I noticed today that I have seven (said in hushed whispery tones) overdues on my library card. I have spent the evening bustling about trying to find them (yes, sometimes TBRs escape). I found Eclipse in Priya's room and Atonement in Phoebe's room (you can always blame the kids). I have weeded Aristotle's, Poetics, and, Story Structure Architect, from my own pile. Make no mistake. This is serious. I feel purged. There are books lined up like naughty children by the back door. If I'm awake when I leave the house in the morning, and that will depend on whether I wake up in time to make make coffee, I may even remember to take them with me.

You may think it looks like smooth sailing from here (sorry about the cliche I am all smilied out). That I now have my reading habits on a leash.

Dont' be deceived!

There is a hidden TBR pile. It is like the church seen and unseen, awaiting its day of triumph.

A reservation list is so much more accommodating than a drawer. It is not made of wood for a start. It grows ... and it grows, like the Five Fat Peas, but it does not pop! I can't tell you how many books I have on reservation at the library. It is a privacy issue for a start. But do know it was double figures last time I had the courage to count.

Sunday, May 11, 2008

Jack flew down for mother's day ...

What a lovely surprise!



I got flowers



and a necklace



and new pyjamas (some things never change)



and here we all are.

Wednesday, May 7, 2008

Little Britain



Welsh is the language of heaven, something I do for my heart.

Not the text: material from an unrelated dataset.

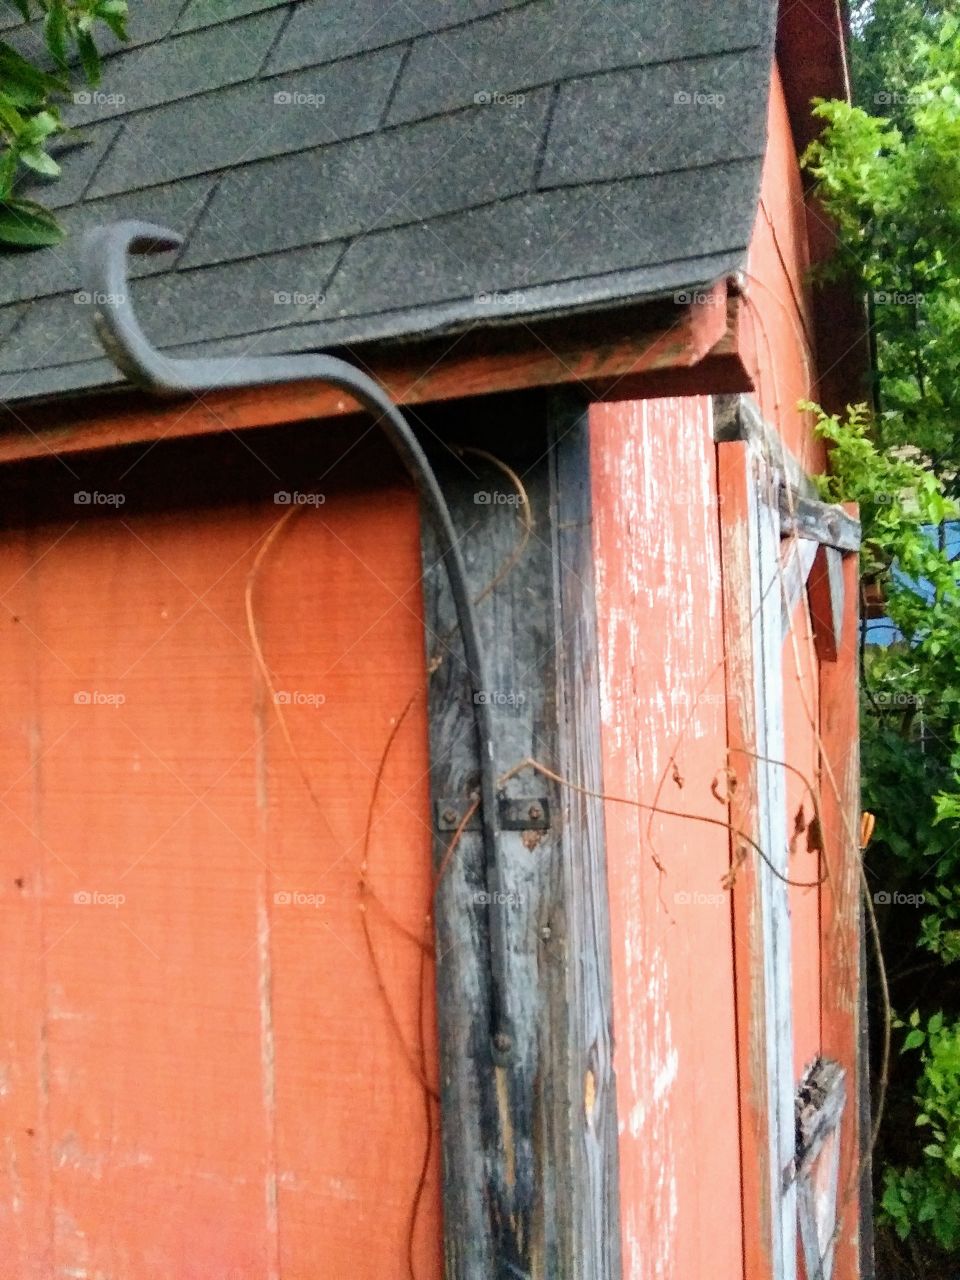 metal hook on a shed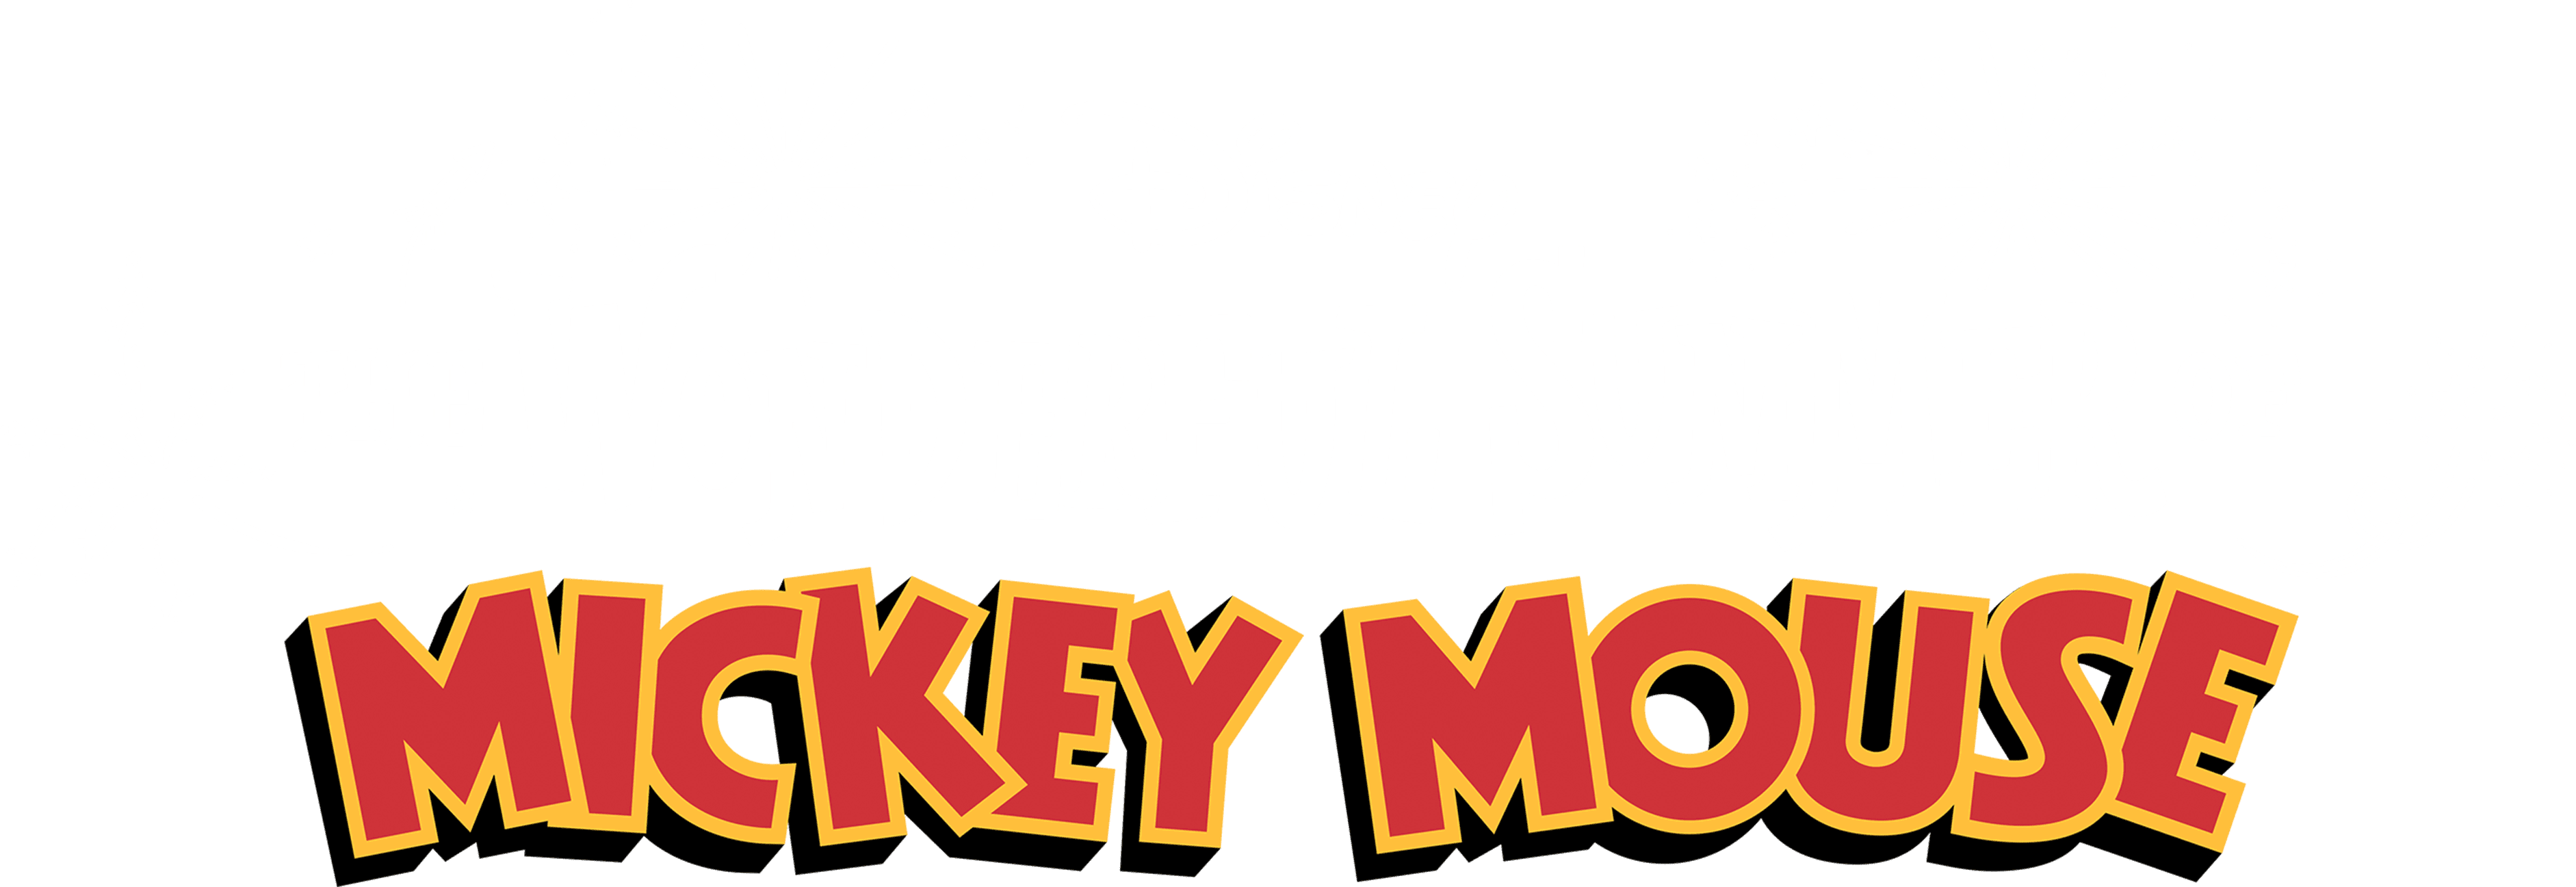 The Wonderful Summer of Mickey Mouse logo

I expect it is supposed to be good for my brain, too (it certainly beats doing the Sudoku). But I tend to find my old grey matter lacks adhesive. I do homework (sometimes), and I try to listen to my Mp3 lessons, and I attend class, but no matter how hard I try, it does not stick.

That is where the heart comes in.

The heart is not about competition or achievement.It is about connection. It is about the little trill of satisfaction my pulmonary muscle gives when I see or hear a Welsh word. The start of recognition I get upon seeing the word eisteddfod used arbitrarily, by non Welsh speakers, and knowing eistedd means, 'to sit.' It is a warm, throbbing, umbilical kind of feeling that give me a sense of history and resonance and belonging. But ... enough of that, I am being overly sentimental.

In Welsh we have been studying comparative, equative and superlative adjectives.

Now the Welsh word for tall is: tal If we want to say John is tall we would write:

Mae John yn dal

The equative:

Mae John yn mor dal a Bill reads: John is as tall as Bill.

To say John is taller than Bill we add 'ach' to the adjective - Mae John yn dalach na Bill

Please notice that the word, tal, has become, dal. That is because Welsh is Ninja language. It is always mutating.

When we want to say John is the tallest, however, the form changes. We do not say Mae John (john is), we say: John ydy'r talaf

In class I had a great deal of trouble remembering this. I don't know why, it seems simple now I am writing it, but the lesson was more like a post-it-note than a Super-glue kind of an experience. In the end, we tried playing around with the superlative form and being, well ... a little silly.

For example: Rydw i 'n unig hoyw yn y pentre, means, I am the only gay in the village (now where have I heard that phrase before?).

I am not sure how you would say I am the gayest person in the village. I will have to ask my Welsh teacher. We didn't tackle the first person superlative. It might be: Rydw i 'n person hoywch yn y pentre.

But I do know how to say: David is the only gay in the village. It goes like this: Davydd ydy'r unig hoyw yn y pentre.

For some reason, I no longer have trouble remembering the construction.

It's funny what sticks in your mind.